Nope, it is definitely not in Device Manager not even a ! anywhere, pardon my ignorance, what is a BCM number?


----------



## Mermaid

Mermaid said:


> Nope, it is definitely not in Device Manager not even a ! anywhere, pardon my ignorance, what is a BCM number?


ps, I have Windows 10 Home 32bit, the Lenovo site has 64bit


----------



## etaf

i can not find any alternative - its possible that driver will work for 32 and 64bit - it maybe worth trying - its only going to fail


----------



## Macboatmaster

If the device is not seen any where in device manager even if it is listed as unknown device
then there is something wrong - other than just the driver

Try this one
http://downloads.dell.com/FOLDER03291103M/1/5055_Network_Driver_657DC_WN32_5.93.102.19_A00.EXE

and perhaps more to the point of progress what does Pendo spec list the wireless adapter as


----------



## Mermaid

Macboatmaster said:


> If the device is not seen any where in device manager even if it is listed as unknown device
> then there is something wrong - other than just the driver
> 
> Try this one
> http://downloads.dell.com/FOLDER03291103M/1/5055_Network_Driver_657DC_WN32_5.93.102.19_A00.EXE
> 
> and perhaps more to the point of progress what does Pendo spec list the wireless adapter as


Thank you all for reply. After contacting Pendo, I;m told that this particular model of PendoPad looses WiFi drivers after a reset.

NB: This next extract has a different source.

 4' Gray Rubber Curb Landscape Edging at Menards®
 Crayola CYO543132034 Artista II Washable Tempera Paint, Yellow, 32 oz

So Pendo has had quite a few very unhappy customers with the same problem, they also tell me that Microsoft is aware of the problem, and a will eventually, maybe, in the near future ,hopefully soon have a solution.
Pendo will replace my PendoPad with a comparable one if Microsoft is unable help.
So, how long should I wait?


----------



## Mermaid

Mermaid said:


> Thank you all for reply. After contacting Pendo, I;m told that this particular model of PendoPad looses WiFi drivers after a reset. So Pendo has had quite a few very unhappy customers with the same problem, they also tell me that Microsoft is aware of the problem, and a will eventually, maybe, in the near future ,hopefully soon have a solution.
> Pendo will replace my PendoPad with a comparable one if Microsoft is unable help.
> So, how long should I wait?


PS, I tried all the different driver sites and suggestions, but none of the drivers worked, thank you all again.Mermaid


----------



## Macboatmaster

I am still of the same opinion as I was - if it is the driver that has been lost after the reset then the device should still show somewhere in device manager
as an unknown device
In device manager click network adapters once to select it then click action tab, then click for scan for hardware changes
the other problem is that the device you say you want the driver for
*BROADCOM 802.abgn Wireless SDIO Adapter

does not identify the actual device, only the general identification*
You need to ask Pendo if they have the driver for the device or are they saying that it will be supplied via Windows updates


----------